Response to transforaminal injection of steroids and correlation to mri findings in patients with cervical radicular pain or radiculopathy due to disc herniation or spondylosis

Pain Med. 2014 Jun;15(6):929-37. doi: 10.1111/pme.12415. Epub 2014 Mar 10.

Abstract

Objective: To determine the effectiveness of cervical transforaminal injection of steroids (CTFIS) and to explore possible determinants of response in patients with cervical disc herniation.

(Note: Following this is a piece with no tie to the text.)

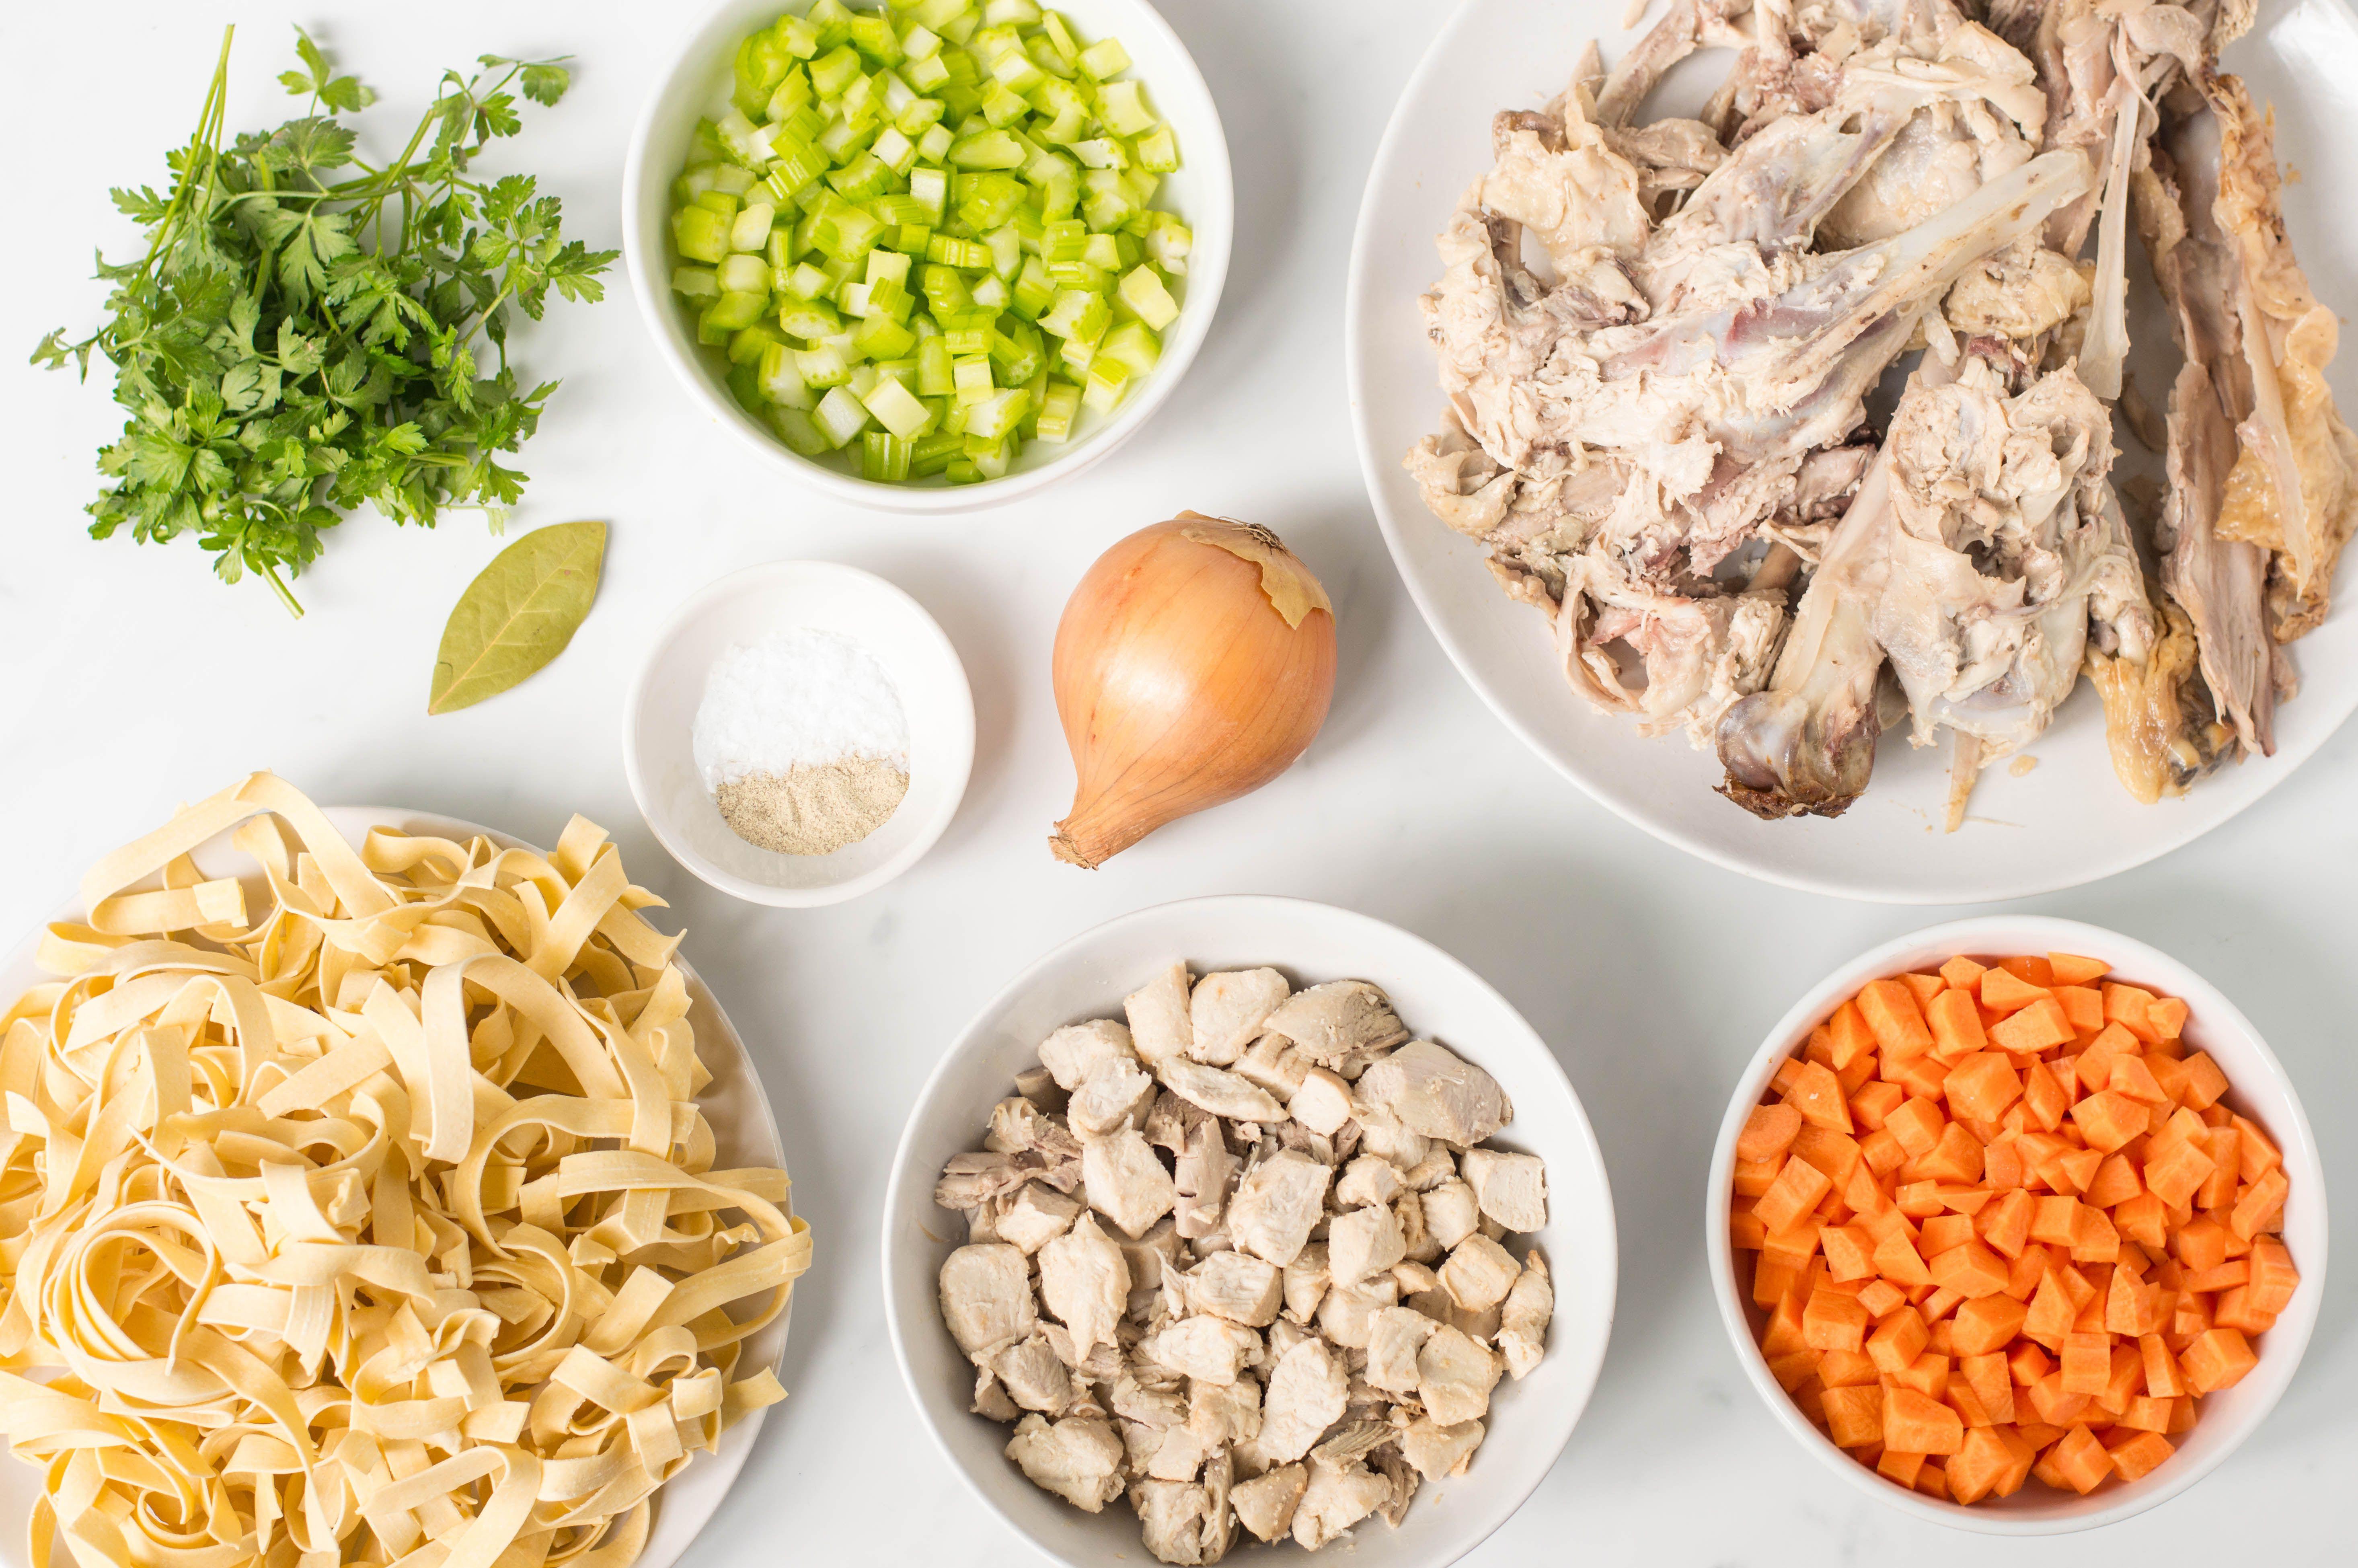 Turkey Noodle Soup Recipe ingredients
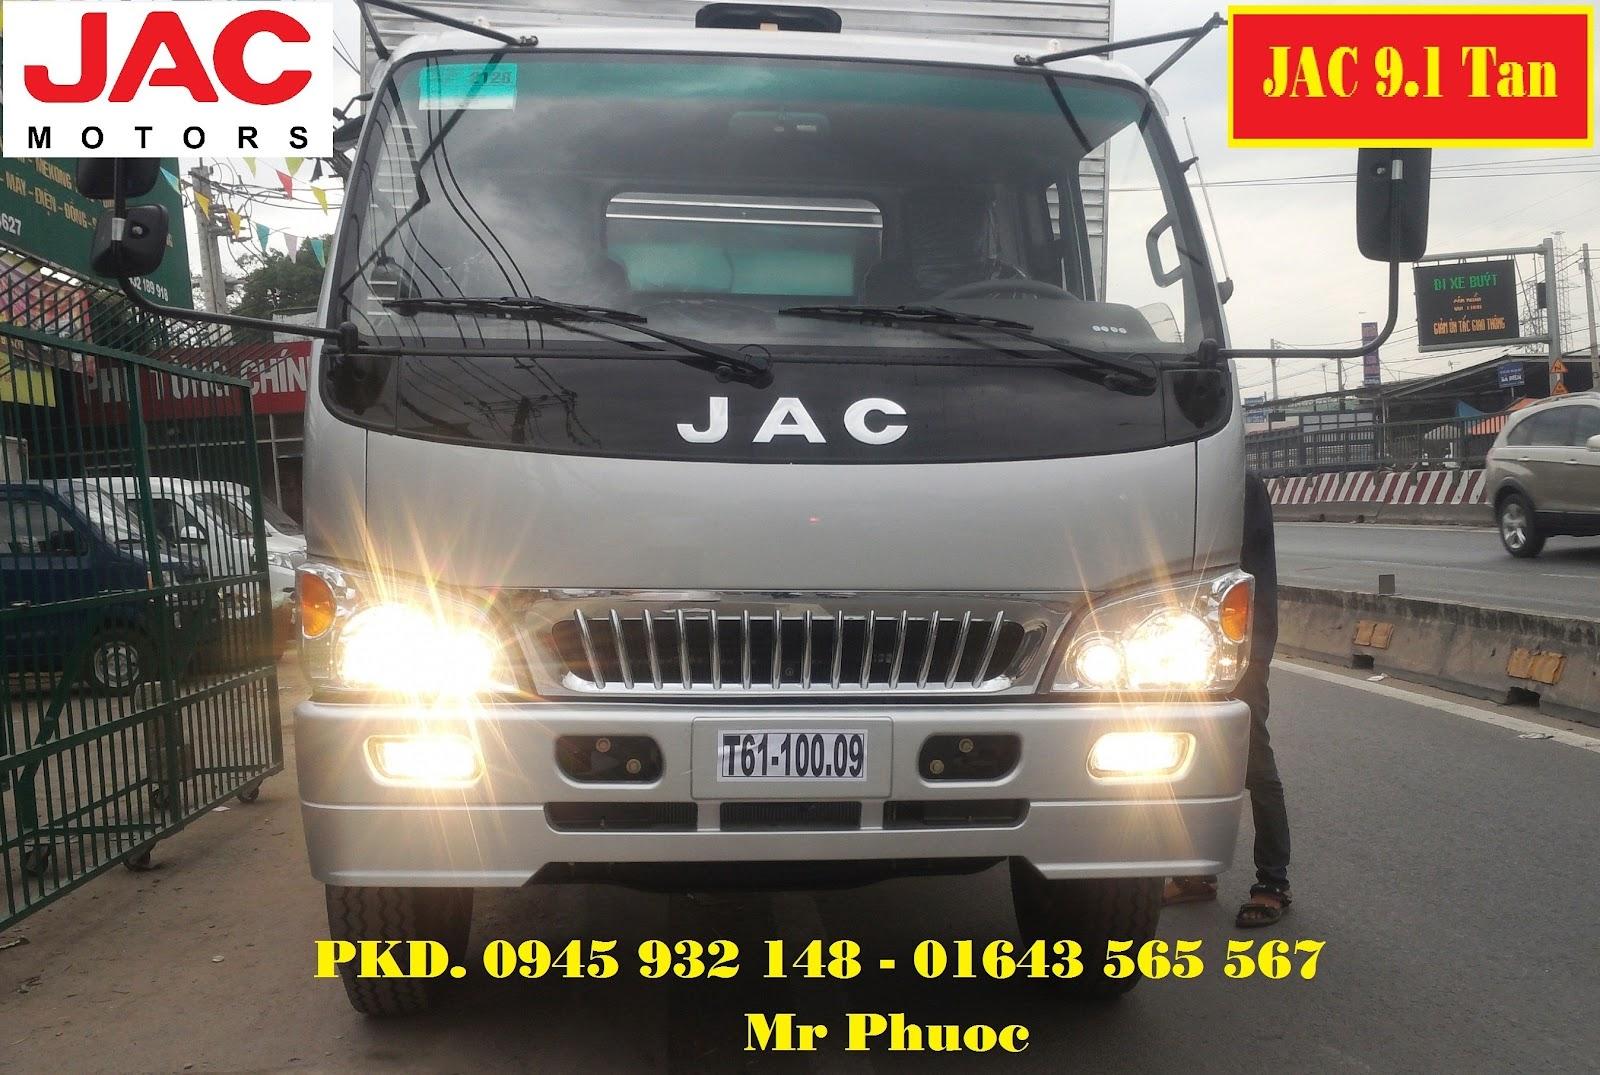 xe JAC 9.1 tấn, xe tải JAC 9T1, bán xe tải JAC 9.1 tấn mui bạt, mua xe tải JAC 9 tấn 1

Design: Retrospective practice audit covering a time period of 6 months.

Setting: Single spine center in which the patients underwent CTFIS, surgery, and subsequent treatment. Magnetic resonance images were reviewed independently by a radiologist and two neurosurgeons.

Interventions: Consecutive patients with cervical radicular pain and a magnetic resonance imaging demonstrating nerve root affection received CTFIS. Evaluation in terms of pain reduction and in relation to the level and side of the affected nerve root, the duration of pain, neck or radicular pain, and the presence of sensory or motor deficits. The radiological features assessed were the location, grading, and cause of the impingement.

Results: Forty-eight patients were included. Only 35.4% of patients achieved at least 50% reduction in pain 1 month after treatment. The initial pain on the numeric rating scale was reduced from 6.8 to 1.8. None of the clinical or radiological features was associated with a successful outcome. 22.9% of the included patients had to undergo an operation. The duration of these patients' symptoms was significantly shorter (P = 0.01) than in patients without operation.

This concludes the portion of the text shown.